Retype the whole listing exactly. Leave out pictures.

▶ _The data_

------------------------------------

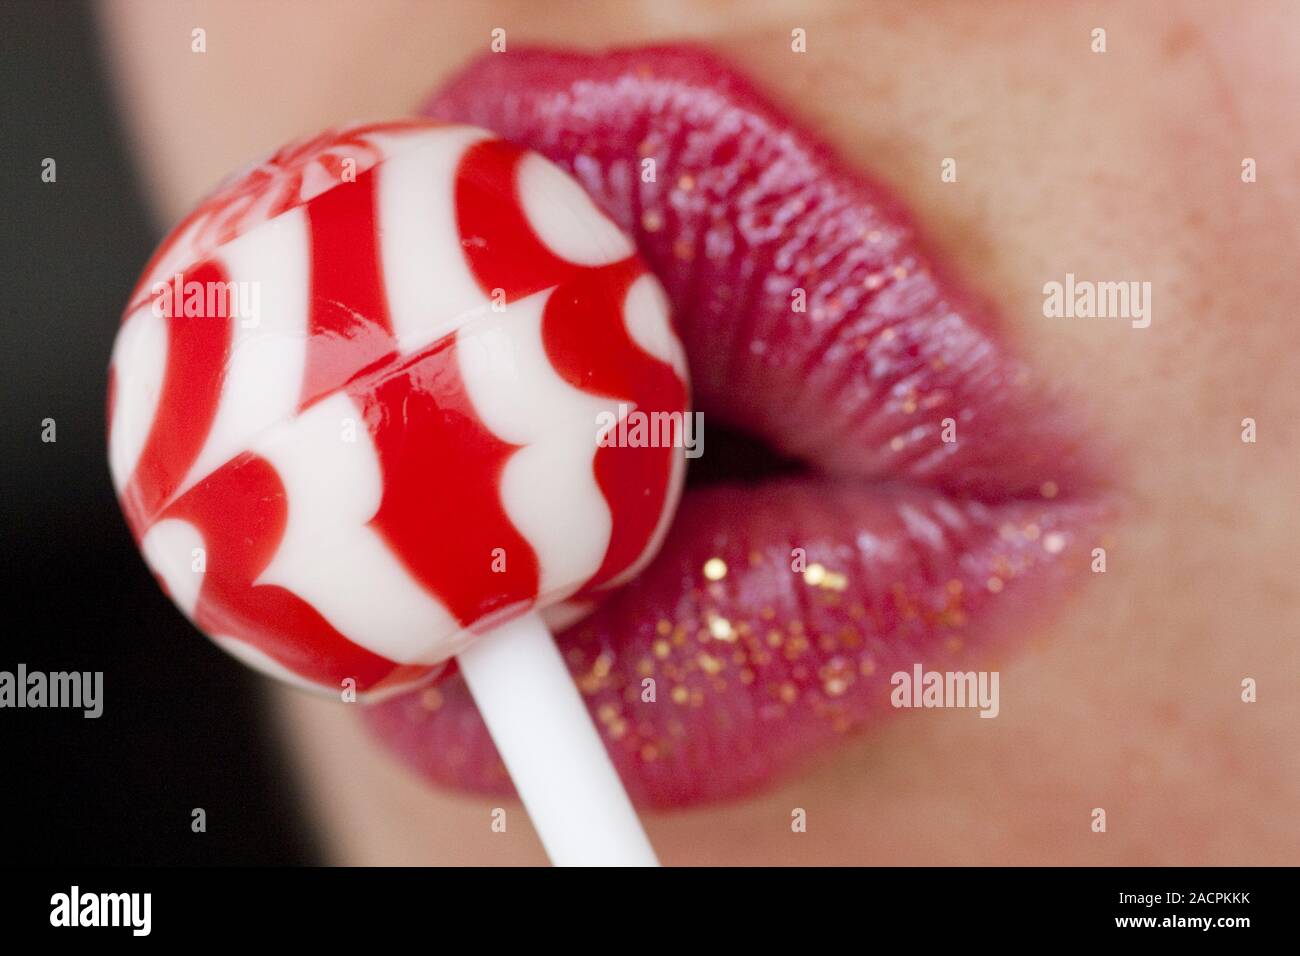 red lips with lollipop Stock Photo
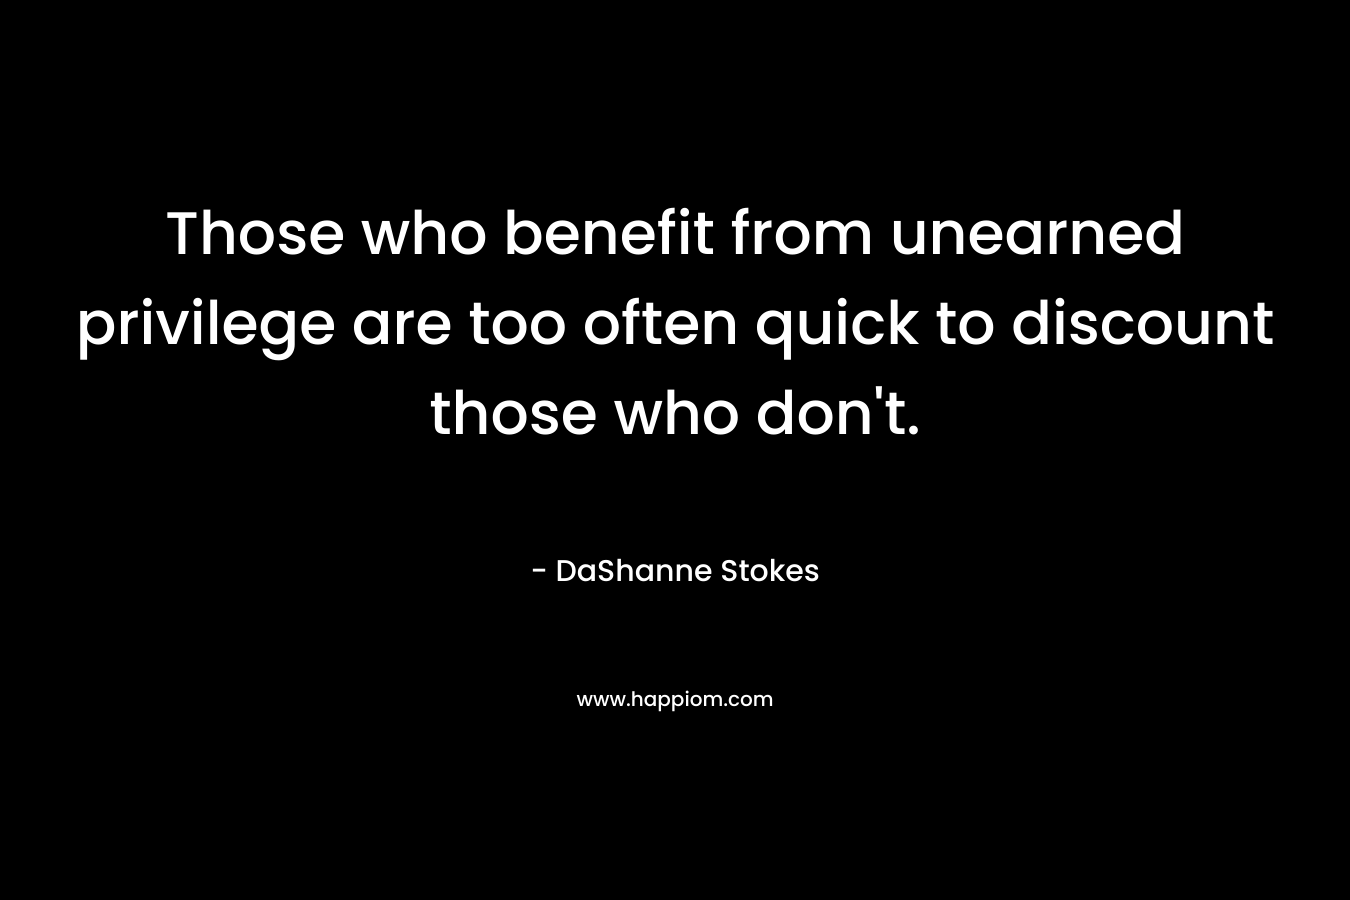 Those who benefit from unearned privilege are too often quick to discount those who don’t. – DaShanne Stokes
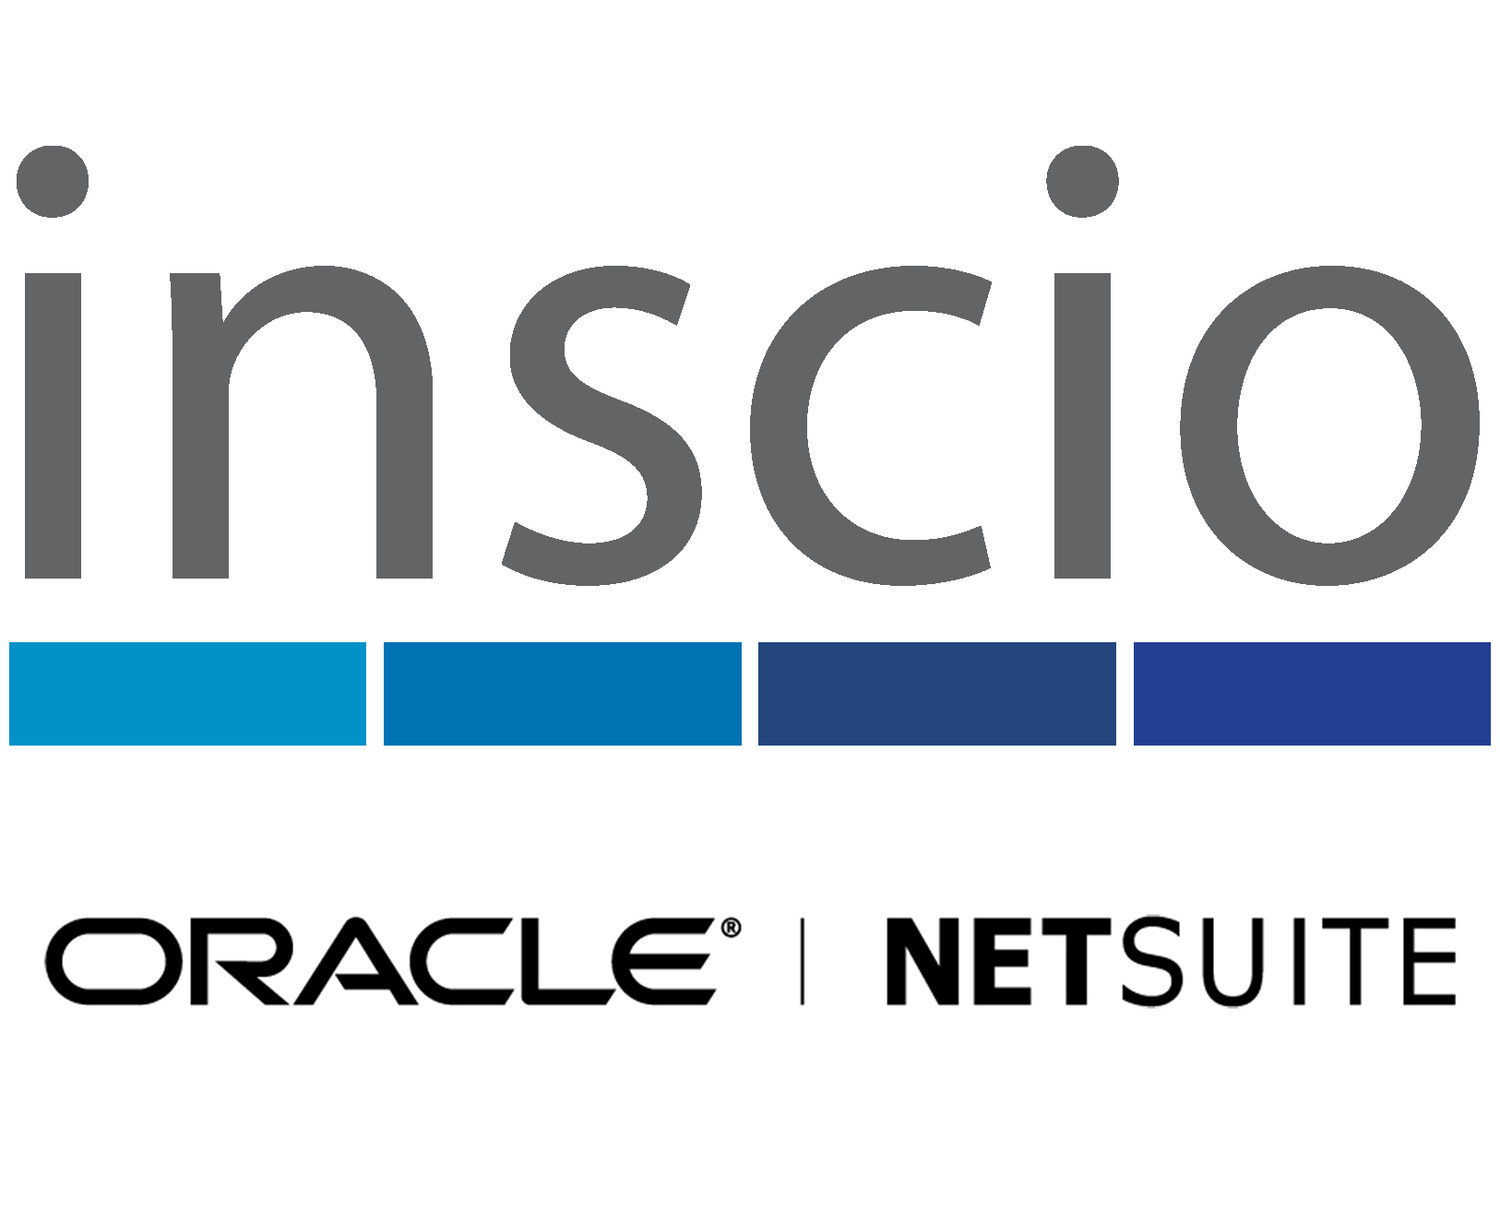 Inscio makes NetSuite much easier for customers to buy, implement and use.
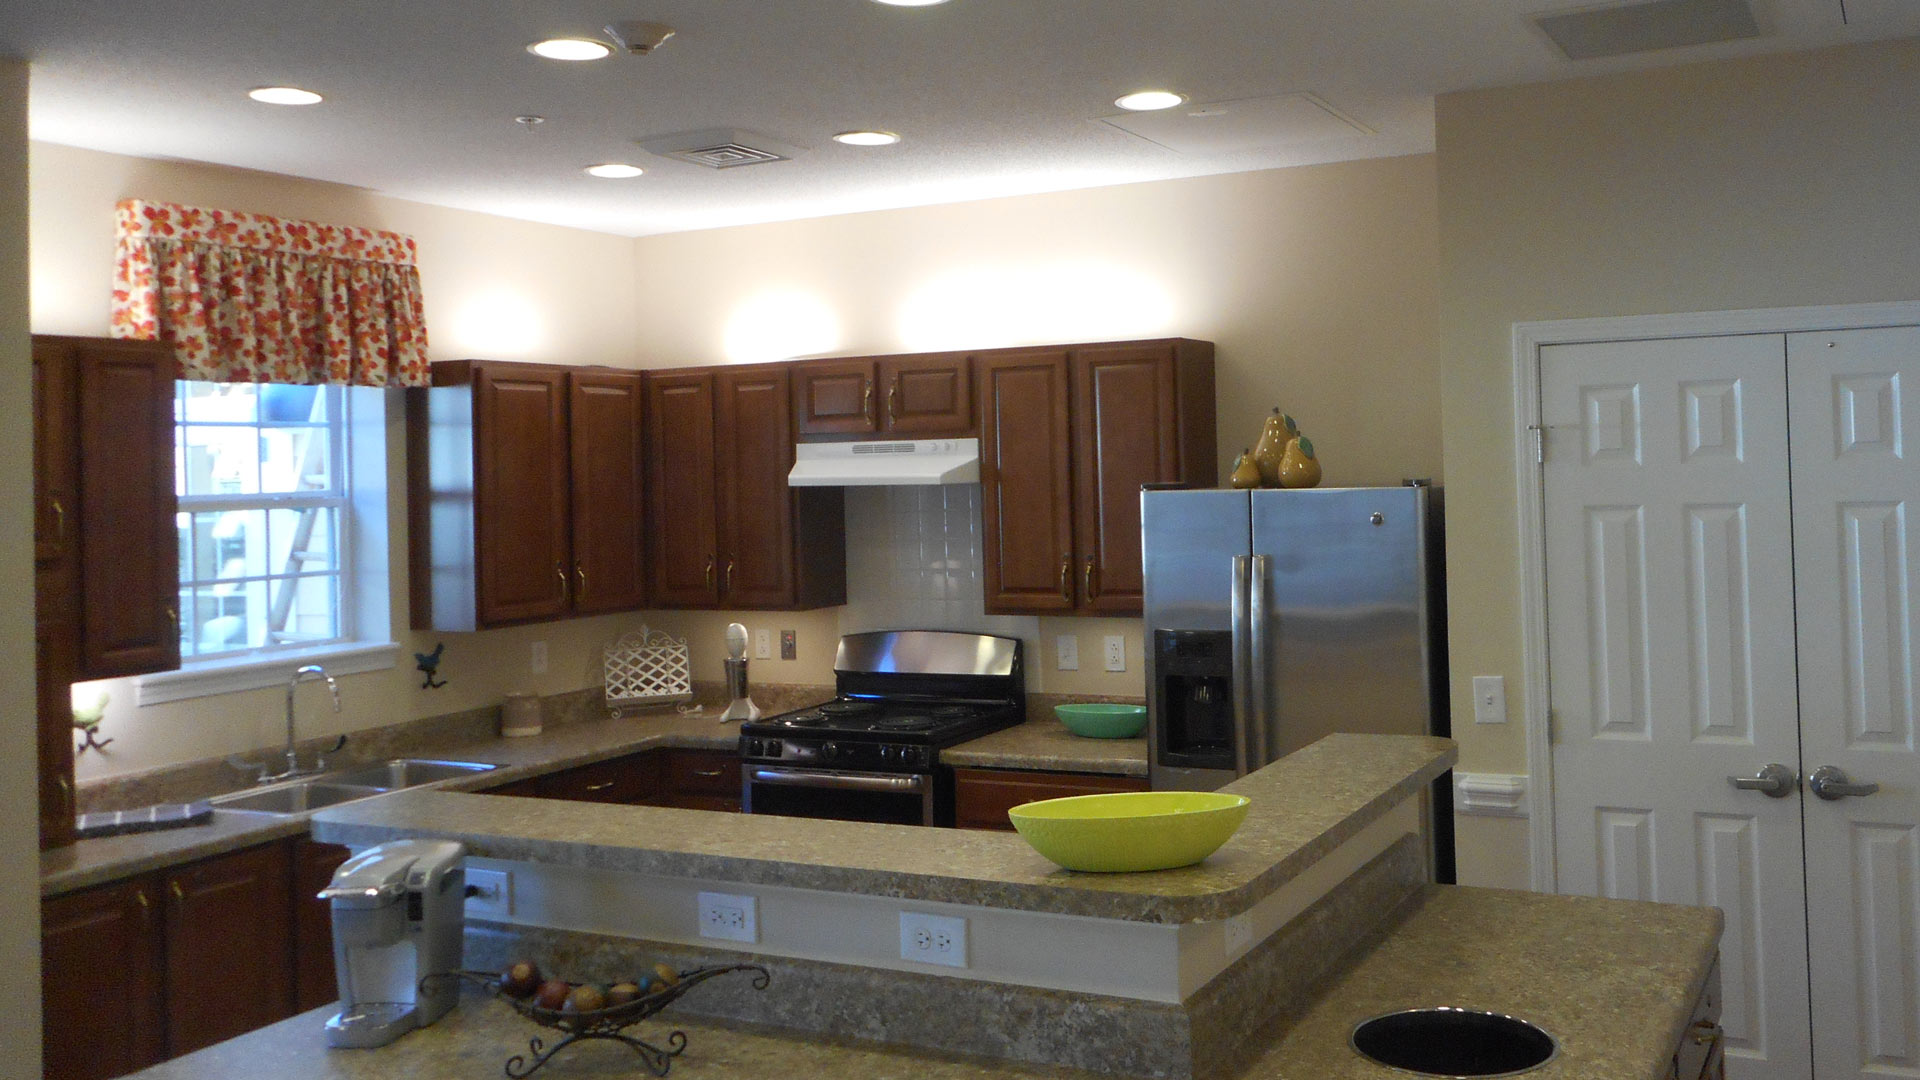 Carillon Assisted Living of Huntersville - Kitchen

------------------------------------

▶ _Completed exercise_
 red lips with lollipop Stock Photo
 Those who benefit from unearned privilege are too often quick to discount those who don’t. – DaShanne Stokes
 Inscio makes NetSuite much easier for customers to buy, implement and use.
 Carillon Assisted Living of Huntersville - Kitchen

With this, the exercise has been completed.